A potential strength of this position is that it leaves open possibilities for discussion about other actions which have sacramental aspects without needing to argue whether they are worthy of becoming (so to speak) the eighth, ninth and ... fifteenth sacraments. (My suspicion is that having reached the number of perfection, seven, there is little appetite for those who do hold that there are seven sacraments to add to their number).

6. If the strength of the phrase "sacramental action" is that it offers some sense of an action having sacramental character (and thus offers a compromise for Anglicans, as noted above), then the weakness is that it begs the question why an action with sacramental character is not, in fact, a sacrament! I am afraid shortage of time this week means I am not going to pursue this question in depth or detail.

7. That is, I think I am pretty happy with the concept of baptism and eucharist being dominical sacraments and then leaving open the possibility that there are more than five other ways and means through which God's grace comes to God's people (whether we wish to call these sacramental actions or sacraments). 

8. There are mysteries here (to deliberately invoke an Eastern Orthodox approach to what the West call "sacraments")) and debate about them can distract. Might we not better focus on the greatest sacrament of all, Jesus Christ, the visible embodiment of God's invisible grace? What of our written Scriptures, bound together as the Bible: is this not also a visible embodiment of God's invisible grace because through this physical book spiritual transformation is achieved? (One might think of Augustine's famous conversion ...)



36 comments:

Anonymous said...

Baptism and Communion induct the believer into Christ himself. East and West, no other actions do this.
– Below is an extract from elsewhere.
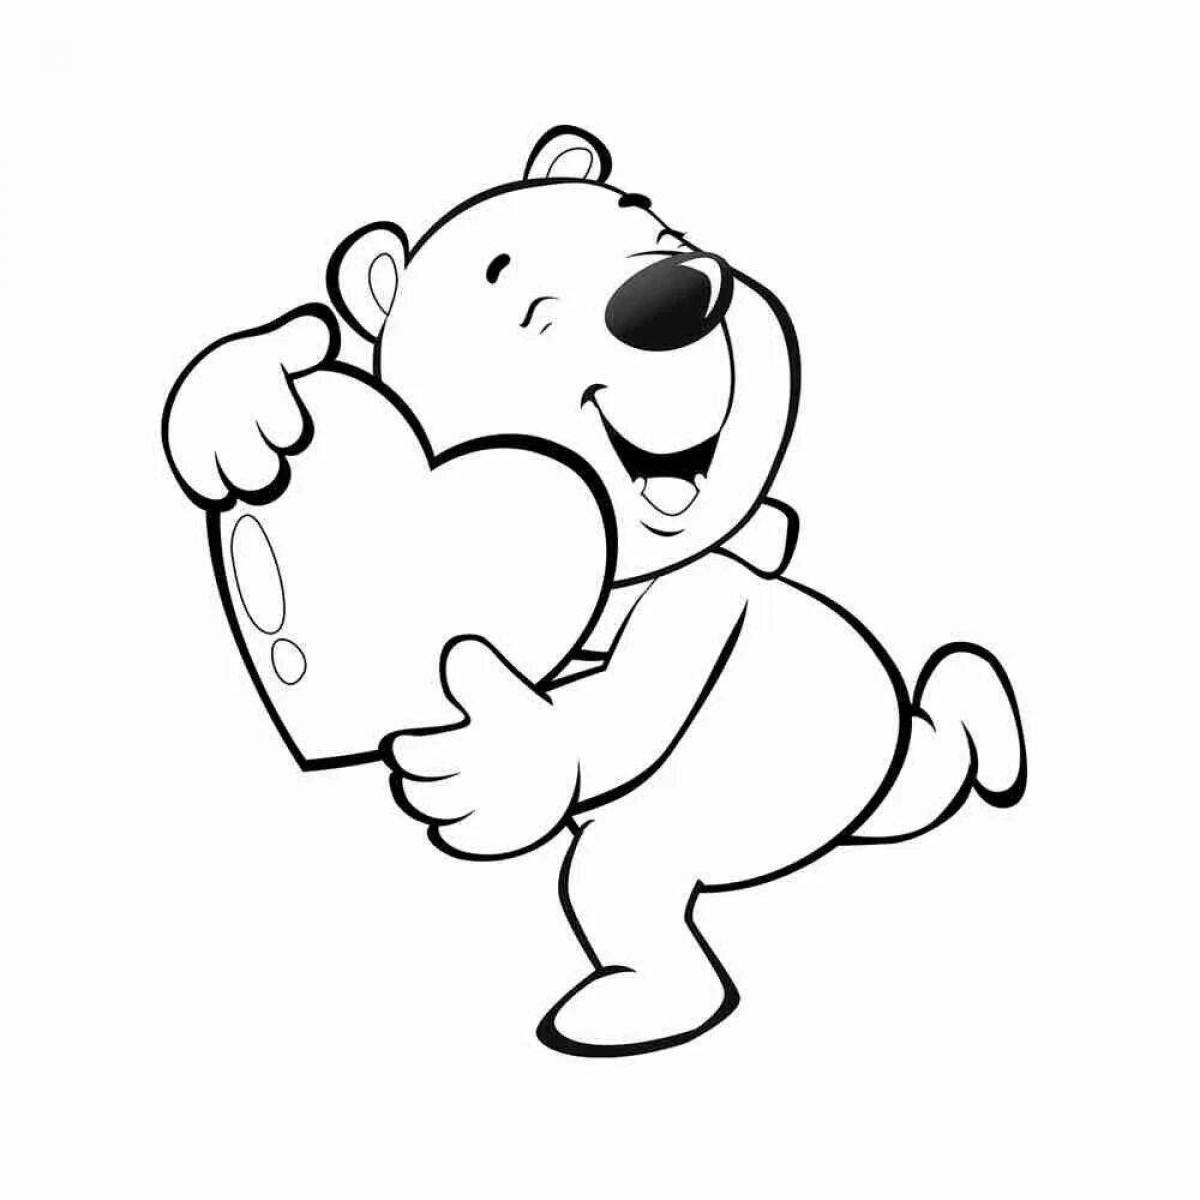 Fun teddy bear with heart coloring book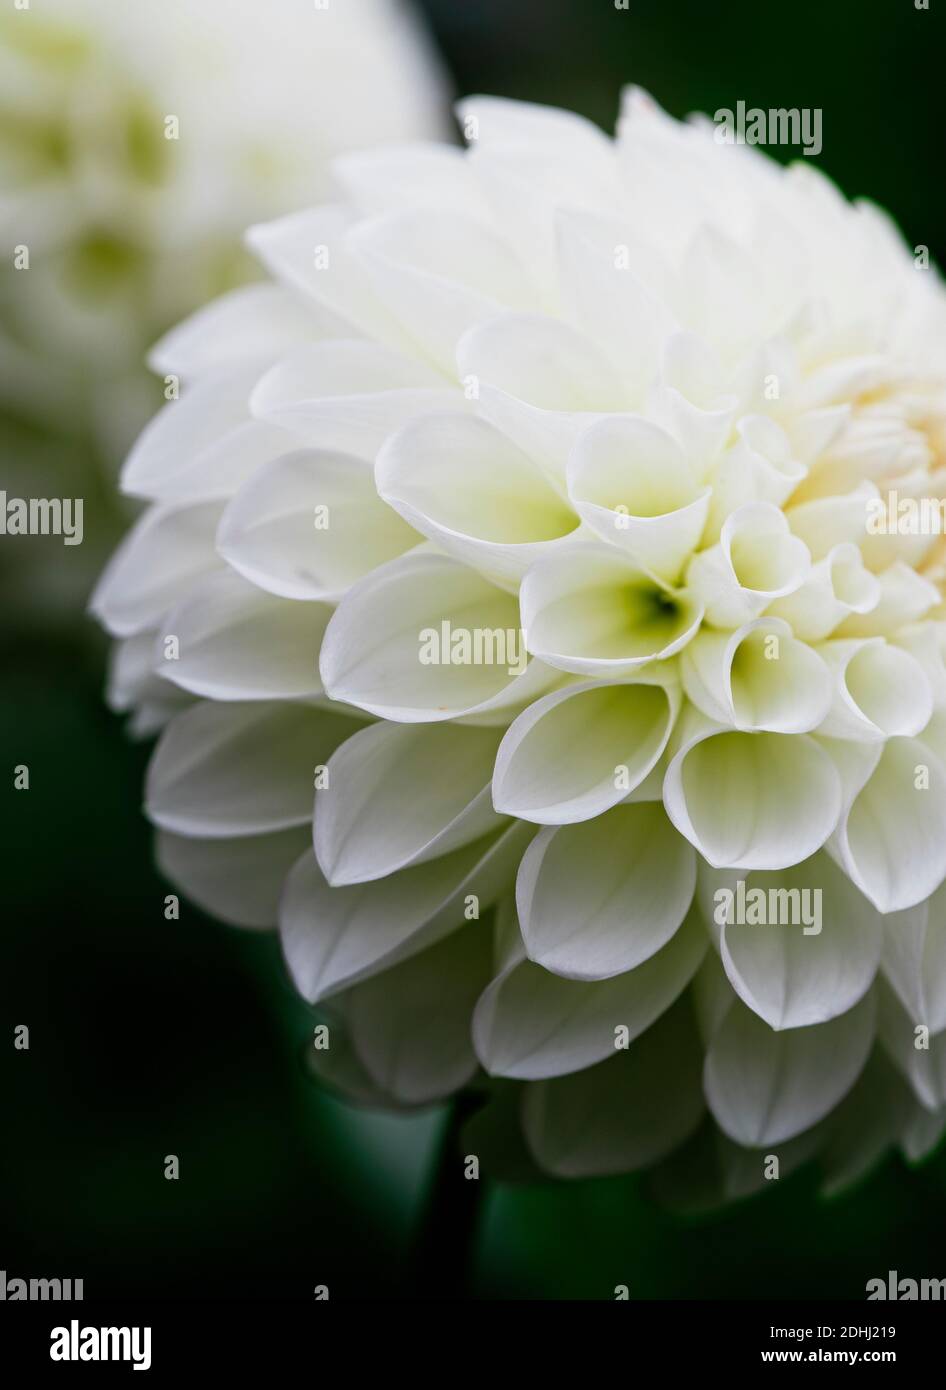 Dahlia, Single white 'pom-pom' flower growing outdoor showing petal pattern. Stock Photo

(Interestingly, the gospels describe corporal *works of mercy* as being done to Jesus himself, but these expressions of his will have never appeared on Western lists of the sacraments.)

Fun Fact: Medieval counts of sacred actions ran as high as forty. That list included church consecrations, monastic tonsure and bell-ringing.

But why count in the first place? If an angel arrived with a scroll saying, "There are three sacraments, except on Tuesdays when there are five" what would that change?

The NT mentions other sacred acts in congregations that have been regarded here and there as somehow like the two-- reading scripture, preaching, penance, laying on of hands after baptism, laying on of hands for ministry, anointing of the sick. These occasional acts of Jewish origin are usually regarded as the visibility of the Holy Spirit's action.

Back to the forty, the case that consecration, tonsure or bell-ringing are...something...is that in each case the act can be identified with the proper work of the Holy Spirit. And it could be good to count the ways simply to be aware of that divine work in the Body.

Why not marriage? Nobody doubts that sex is the act. That is not congregational. Nor does it remit sins, etc.

That said, the East absorbed and reinterpreted folk ceremonial (crowns, three circumambulations of the altar, etc) as an allegorical representation of Christ. A sacred action, but mimetic rather than sacramental. More please.

Some Catholics now call everything-- your cat, my breakfast toast-- a sacrament in the way a toddler might call an orange an apple. That's just idiolect, but it's becoming common. What's the motivation for it?

Three guesses.

The Enlightenment West had a notoriously skimpy understanding of the Holy Spirit. The postmodern Body is open again to premodern awareness of the Third Person, but is held back from acting on this well by vestigial rationalism and sluggish retrieval of trinitarian practice.

(Some people prefer the vestigial and sluggish to the integral and engaged. "Your God is much too small." "Er, no, I like it that way.")

When all you have is a hammer, every problem is a nail. So if the only permitted word for a material experience of God's grace is "sacrament" then yes my breakfast toast is a sacrament. What else can one call it? A blessing.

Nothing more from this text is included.